22 January 2019

Sedan bandwagon ride can cost an arm and a leg

Anyone familiar with the auto industry knows that sedans, not coaches or trucks, make a car company. 

In China, sedans also make fine trophies. Corporates and cadres, businessmen and boys covet the status a sedan bestows.

And because getting one takes a whole lot of doing — China keeps a tight rein on the application process — a lively but exclusive market has emerged on the fringes.

Manufacturers naturally want in, but few care to find out the price of entry and whether being in is at all worthwhile.

Weichai Power (02338.HK, 000338.CN), one of China’s biggest makers of auto parts and engines, is the latest to jump on the sedan bandwagon.

With much fanfare, it unveiled its EnRanger {英致} brand on Sunday. Weichai Auto chairman Ye Ziqing {葉子青} told Xinhua that one to two sedan brands will be launched “within a few months”.

Earlier, Zhongxing Auto, an SUV maker based in Hebei, spent 1 billion yuan (US$165 million) to buy a sedan manufacturing license from Guangzhou Automobile Group (02238.HK, 601238.CN). And reports say Dongfeng Liuzhou Motor will debut its first sedan at the upcoming Auto China Expo in Beijing.

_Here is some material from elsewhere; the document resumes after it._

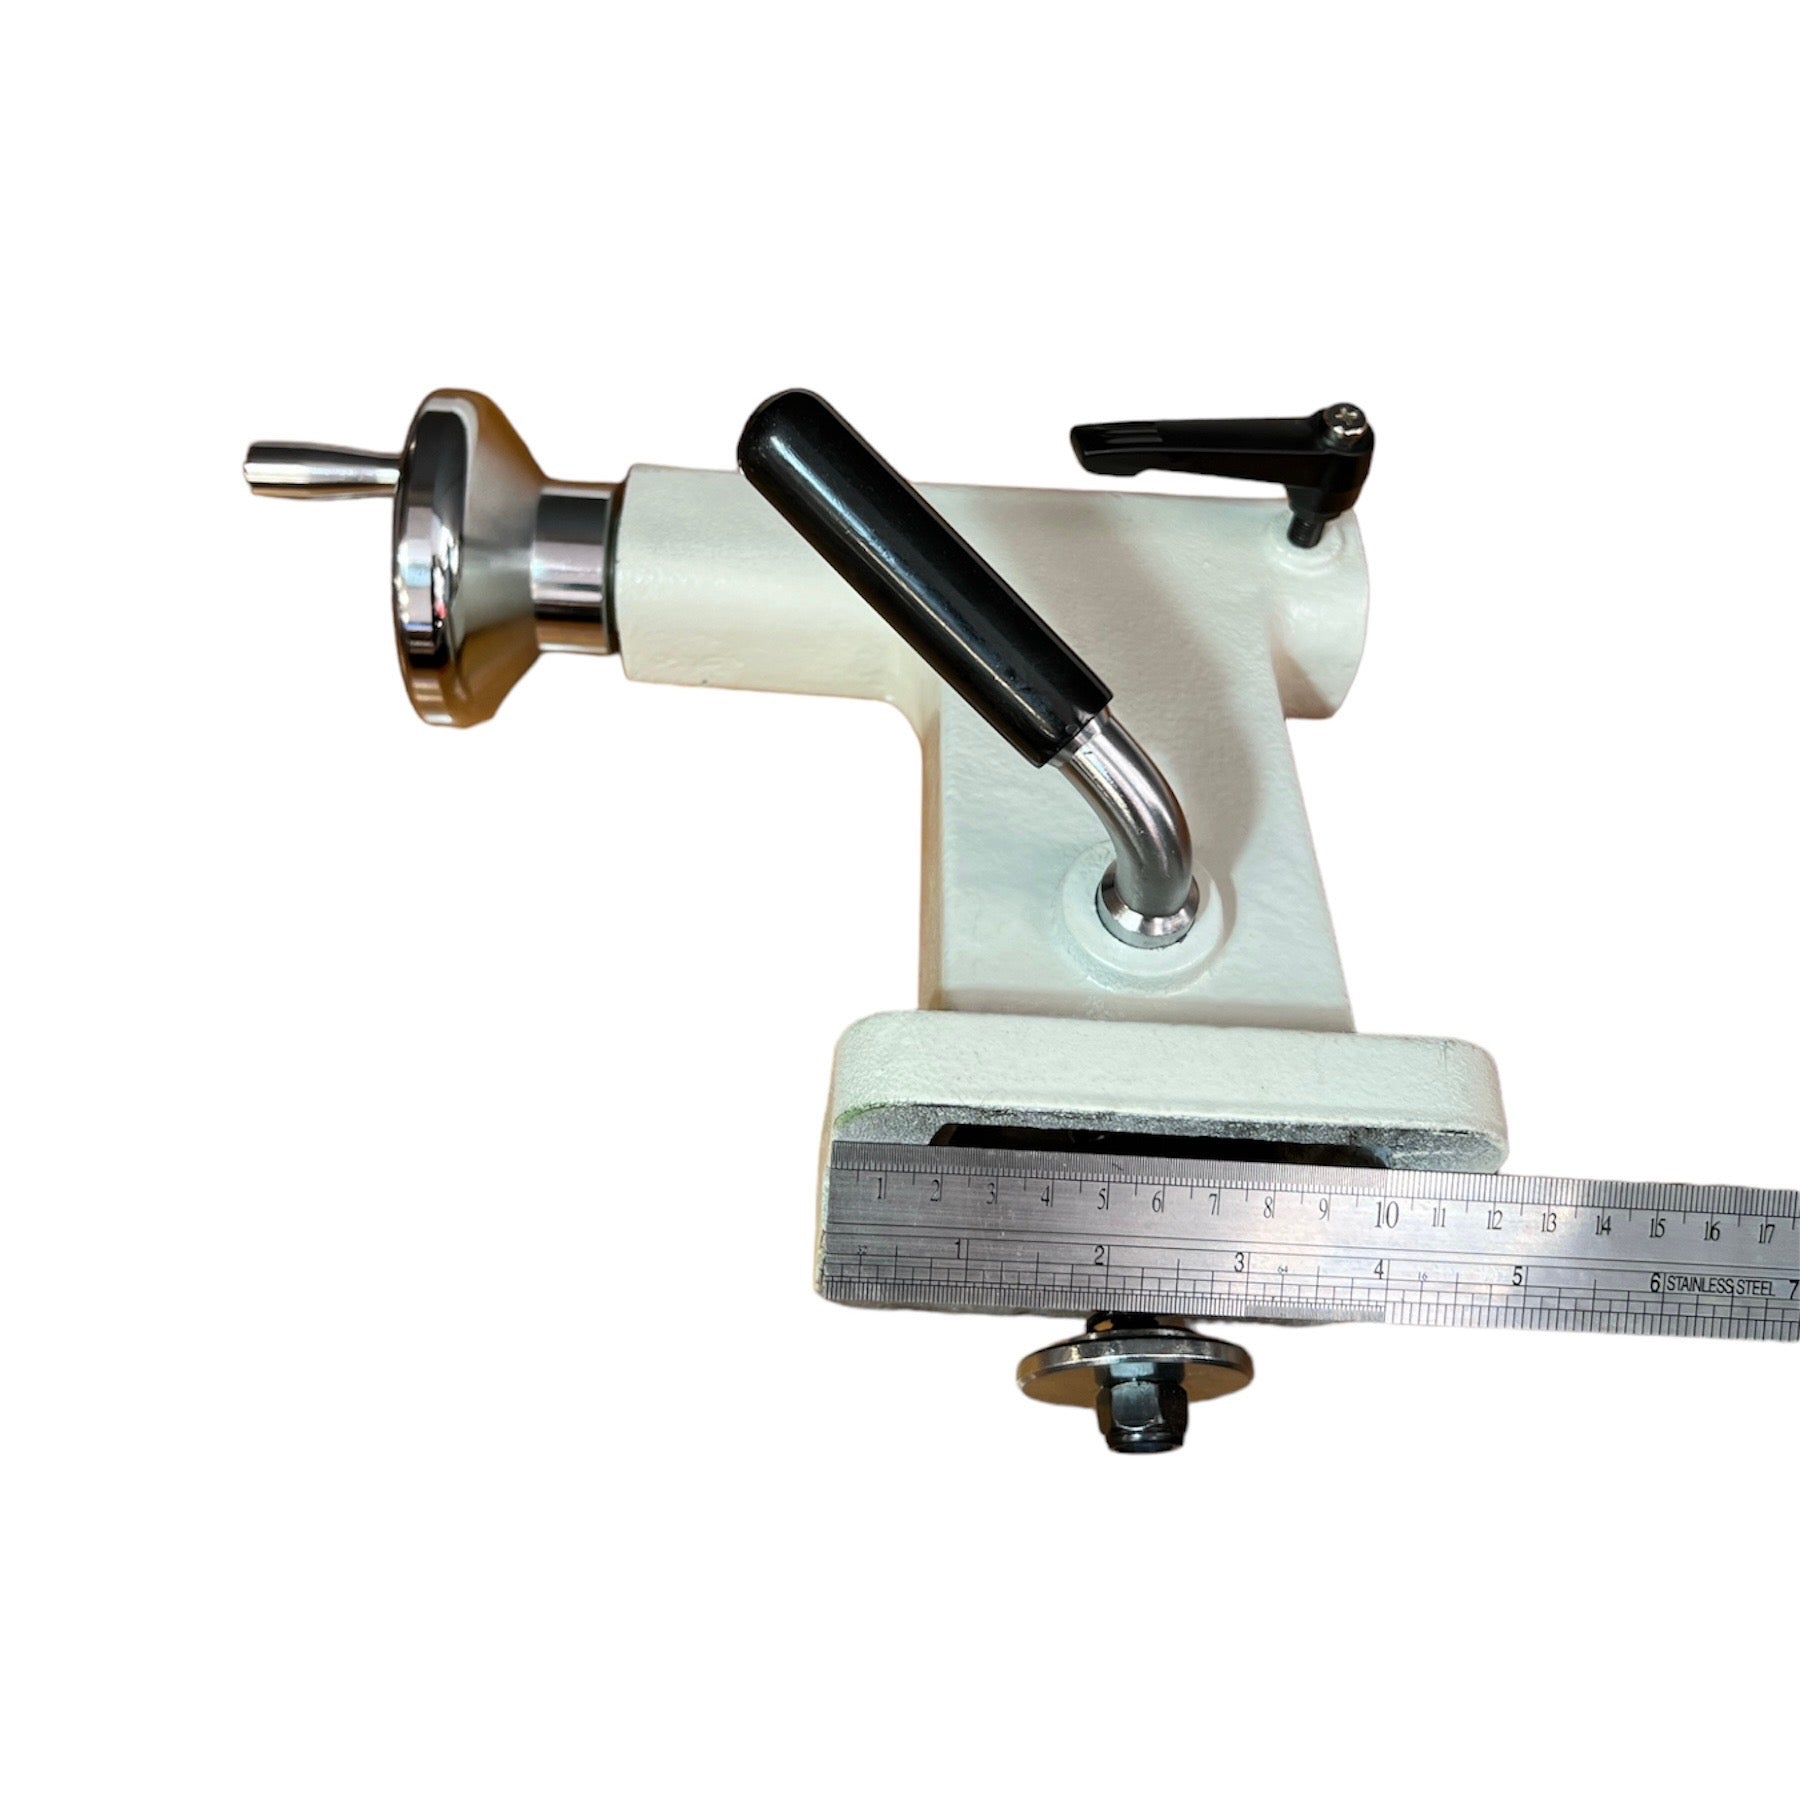 Tailstock suit WL1220A by Woodfast

Family cars developed by Beiqi Foton Motor (600166.CN), a truck and MPV maker, will roll off production lines later this year.

The astonishing growth in car sales across all brands — 15.7 percent to 17.92 million units last year — is undoubtedly the biggest motivation, but these domestic manufacturers could find they have little legroom as much stronger, more popular foreign brands continue to muscle in on the sedan market.

An industrial expert told the Economic Observer what it takes and what it costs to be in the game.

First thing is car design, development and licensing. That could set you back 300 million to 400 million yuan.

Domestic automakers tend to get foreign companies to do the design, typically to the tune of 50 million yuan to 100 million yuan. Parts and prototype molding is another 100 million yuan at least. Mandatory emission and safety tests to qualify for licensing are not cheap either. Frontal and side impact tests, the Chinese version of the New Car Assessment Program, can top 10 million yuan.

Second is assembly line construction. Initial annual capacity is usually set at 100,000 units, meaning 2 billion yuan in upfront costs.

Manufacturers rarely break even with annual sales of 80,000 units, and they’re likely to take years to achieve it at that pace. Lifan (601777.CN), for instance, took six years to lift itself out of the red after it launched its first sedan model.

New entrants will have to figure out how much loss is acceptable to them from the get-go to marketing and, finally, sale.

China Business News reports that the Guangxi Zhuang Autonomous Region government and Liuzhou municipal authorities have lent 450 million yuan to Dongfeng Liuzhou Motor to start sedan production, but the money is still 1 billion yuan short of its plant expansion plan.

The capital market could help these players get some financing, but with investors wary of their challenges, such an option looks forbidding.